# WHAT TO DO:
Each line from the one holding "2020年7月15日,岑敖暉" through the end of the records should be returned exactly, while pictures are skipped.

# ENTRIES SHOWN:
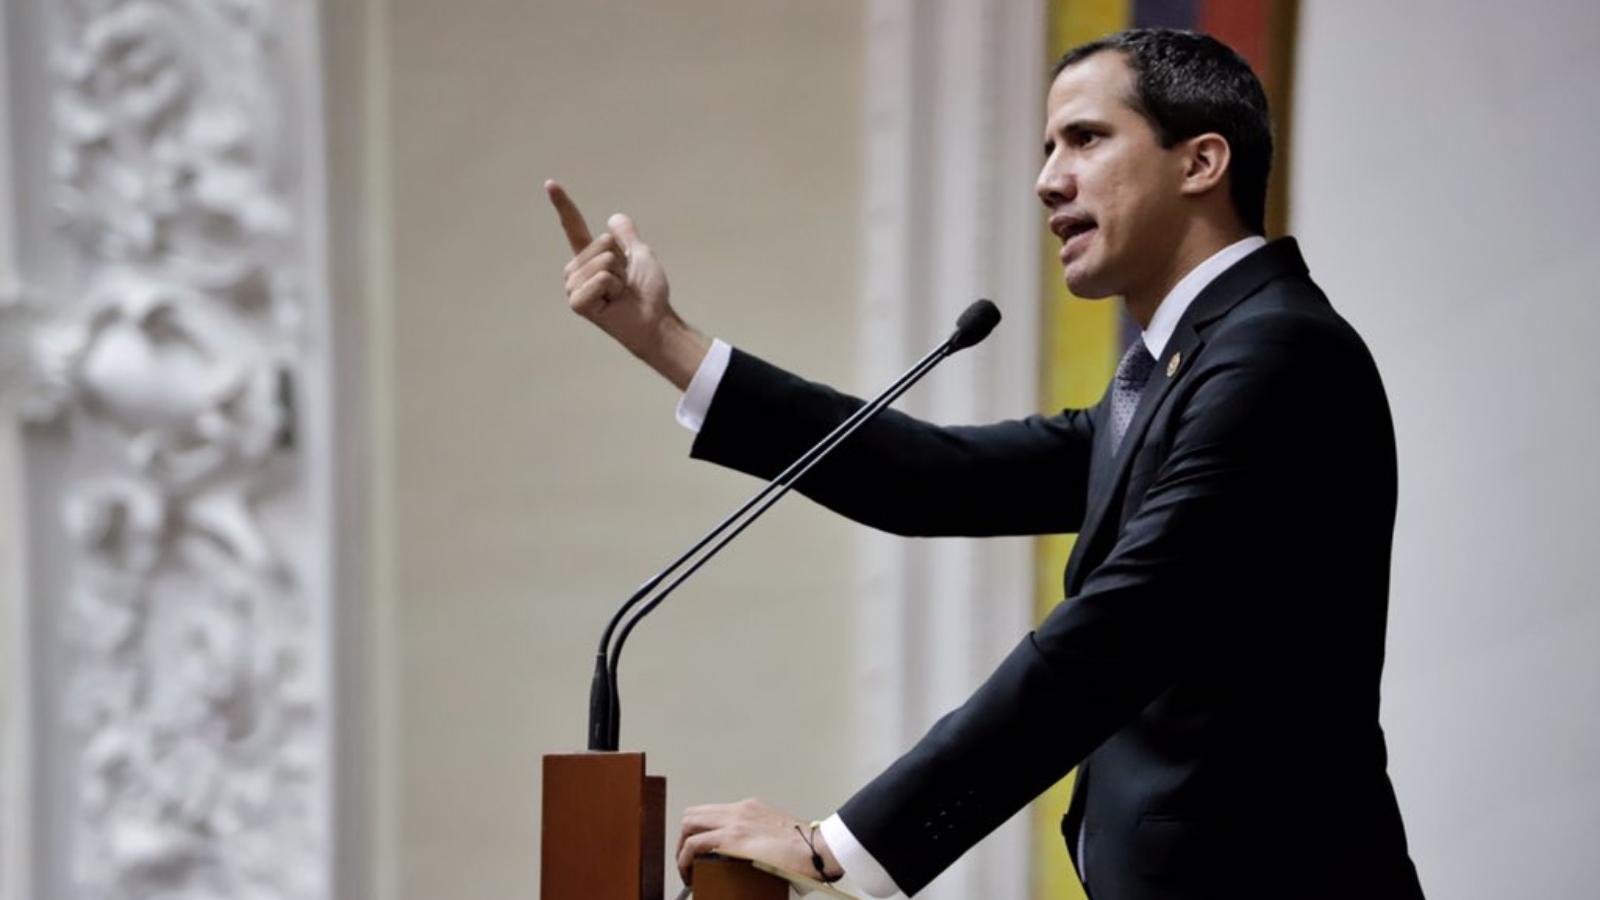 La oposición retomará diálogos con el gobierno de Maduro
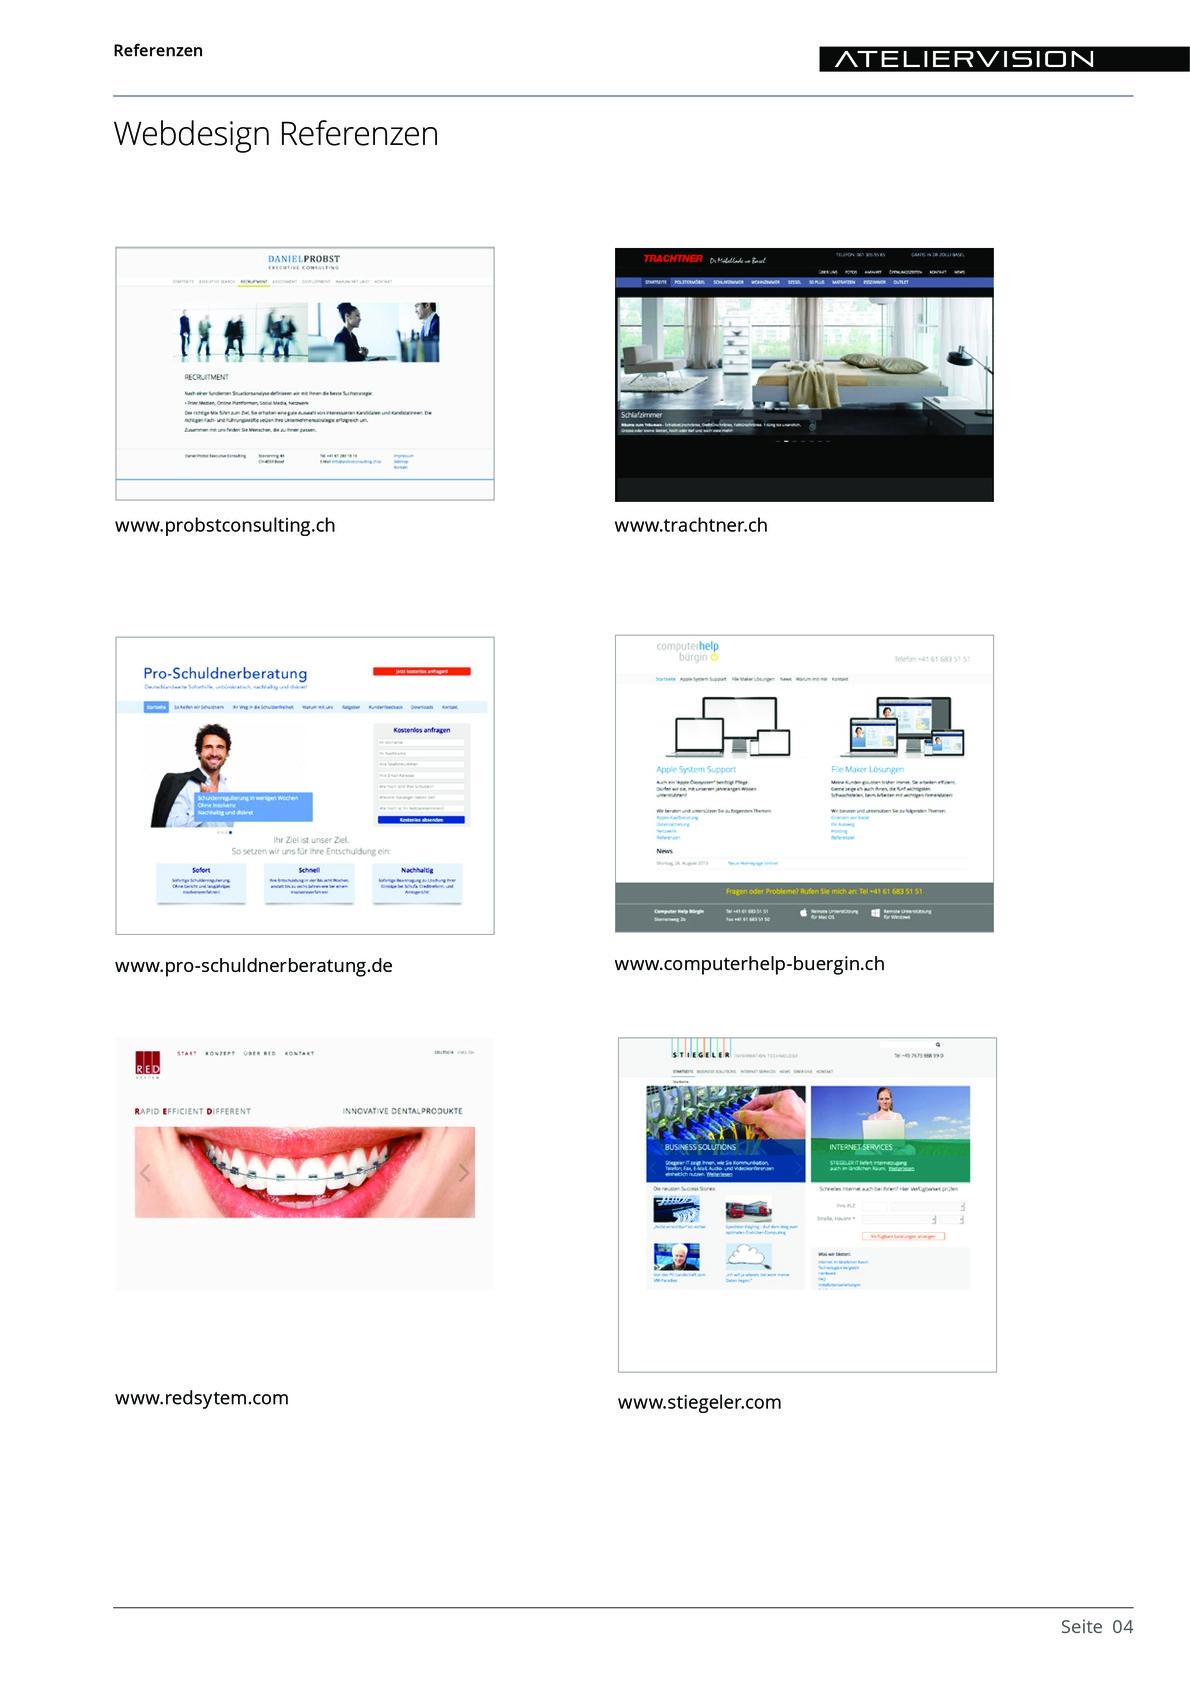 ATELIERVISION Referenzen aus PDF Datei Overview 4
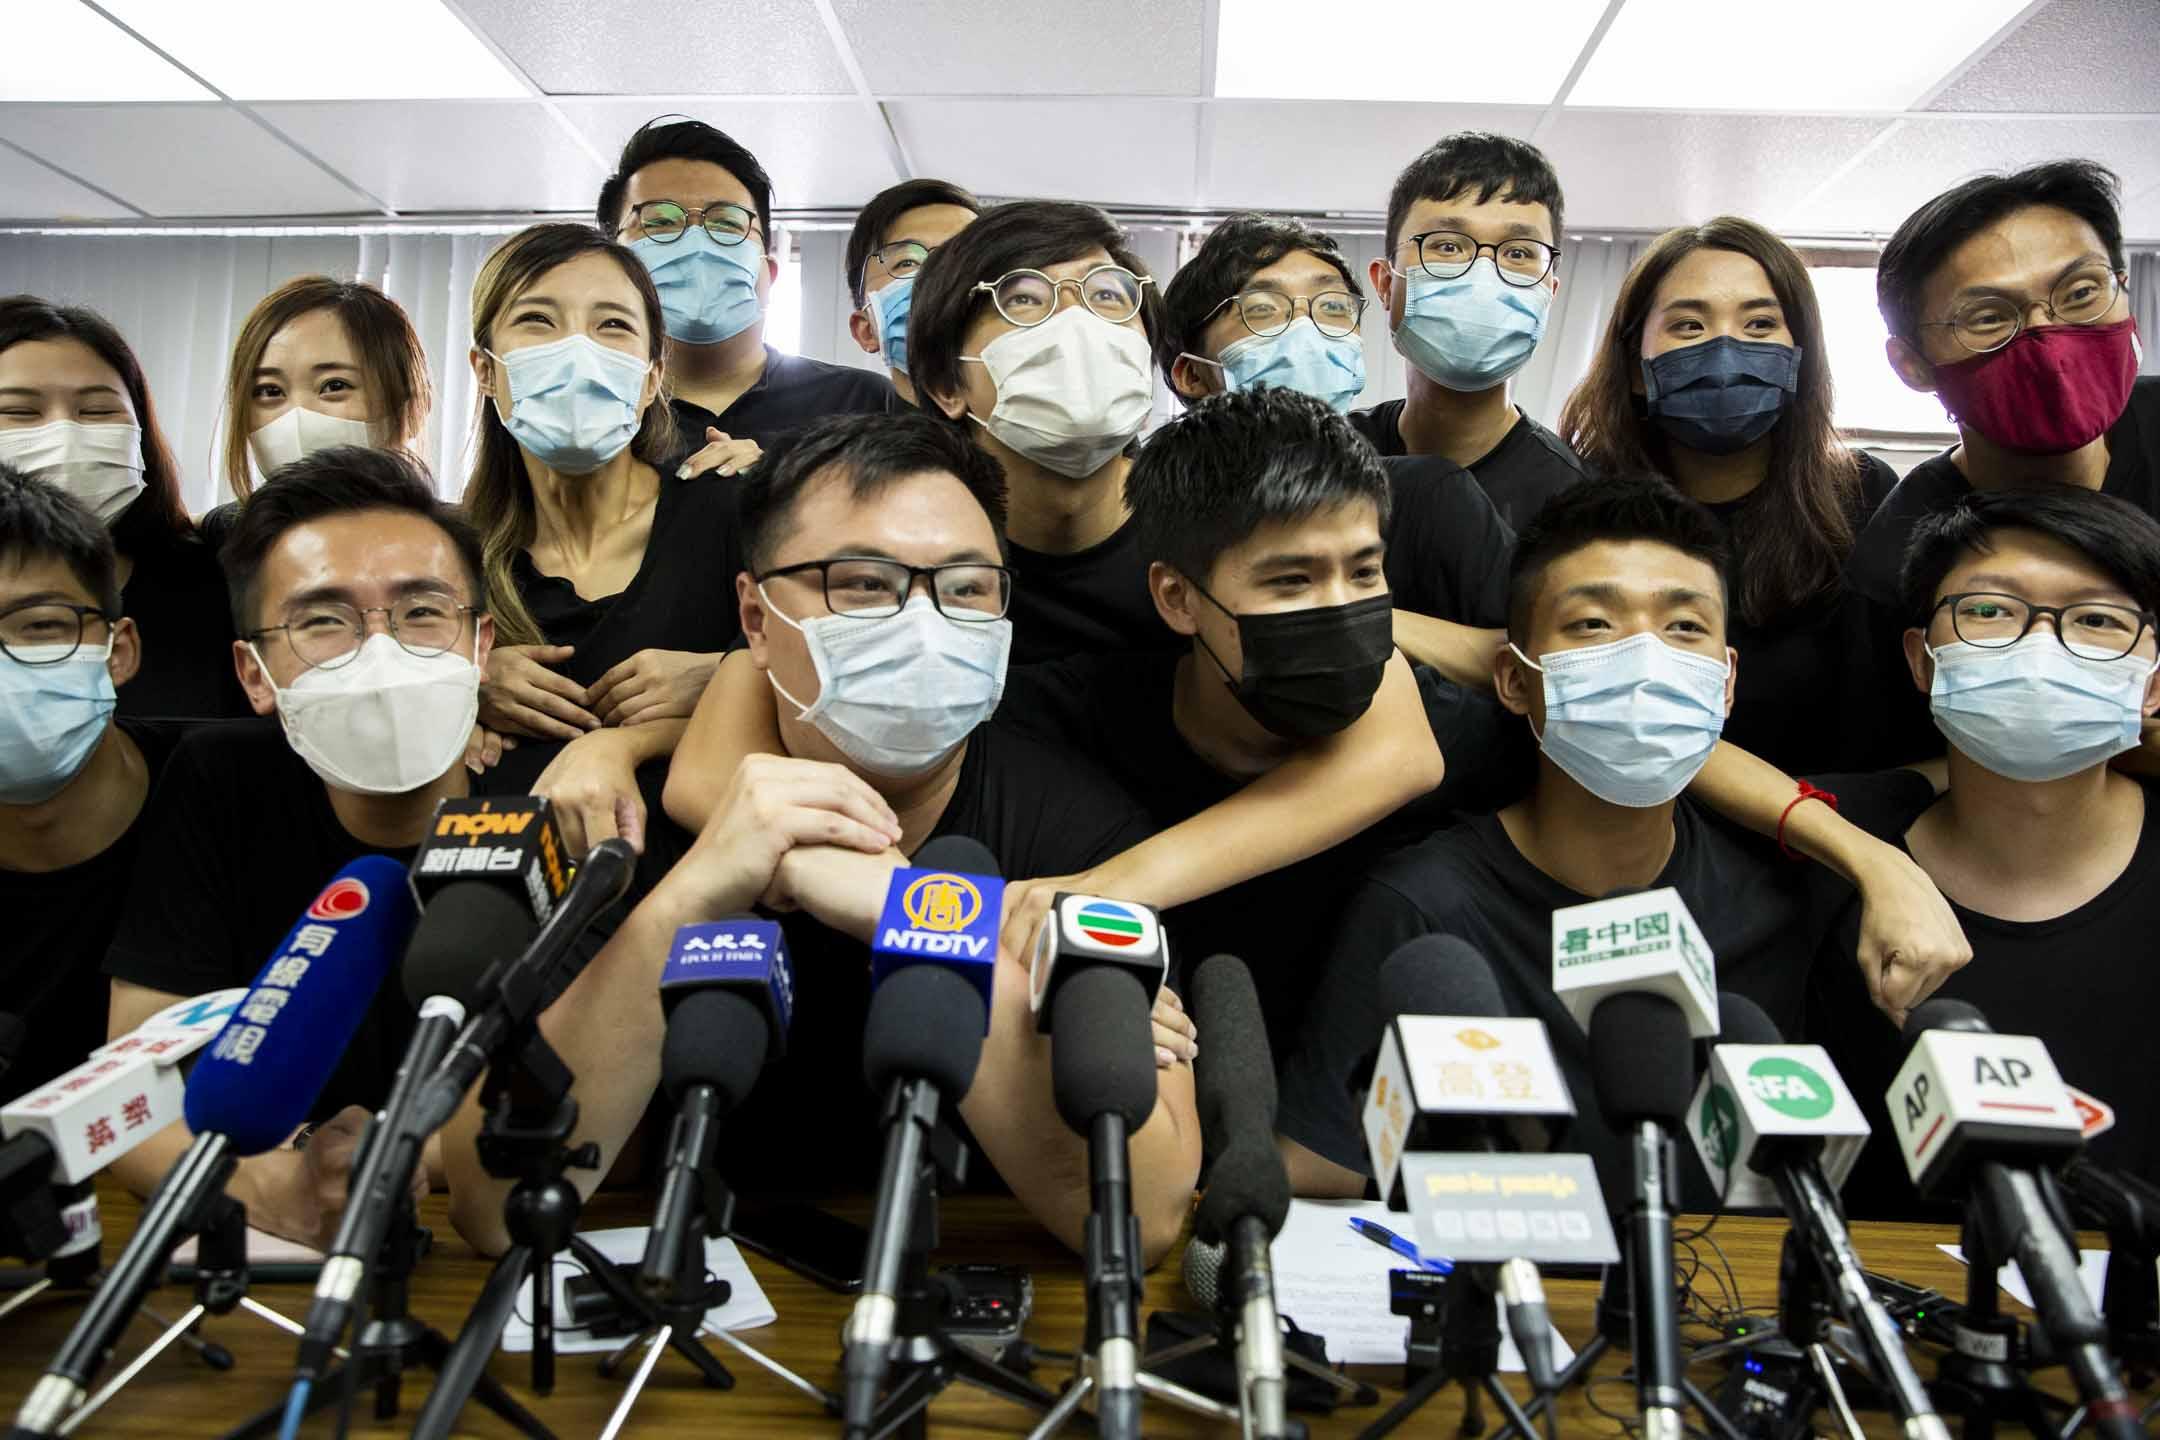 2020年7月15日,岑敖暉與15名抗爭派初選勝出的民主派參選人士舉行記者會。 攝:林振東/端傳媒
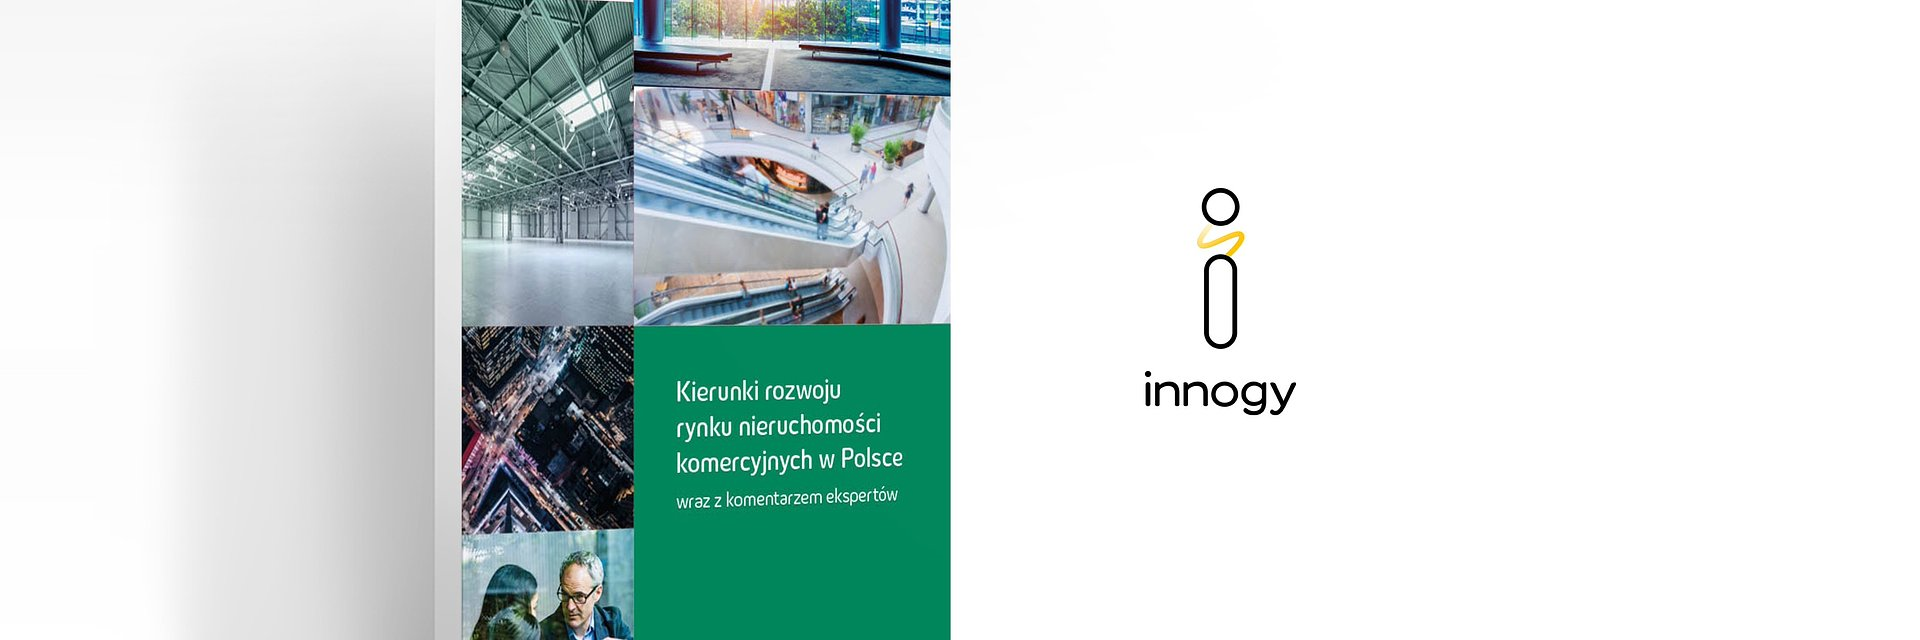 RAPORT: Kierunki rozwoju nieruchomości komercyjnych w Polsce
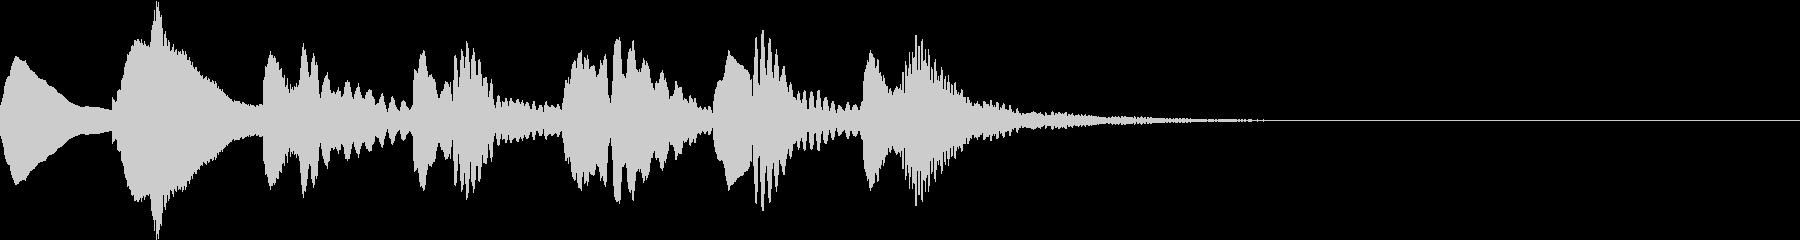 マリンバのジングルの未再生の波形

# SOLUTION BELOW:
 2020年7月15日,岑敖暉與15名抗爭派初選勝出的民主派參選人士舉行記者會。 攝:林振東/端傳媒
 RAPORT: Kierunki rozwoju nieruchomości komercyjnych w Polsce
 マリンバのジングルの未再生の波形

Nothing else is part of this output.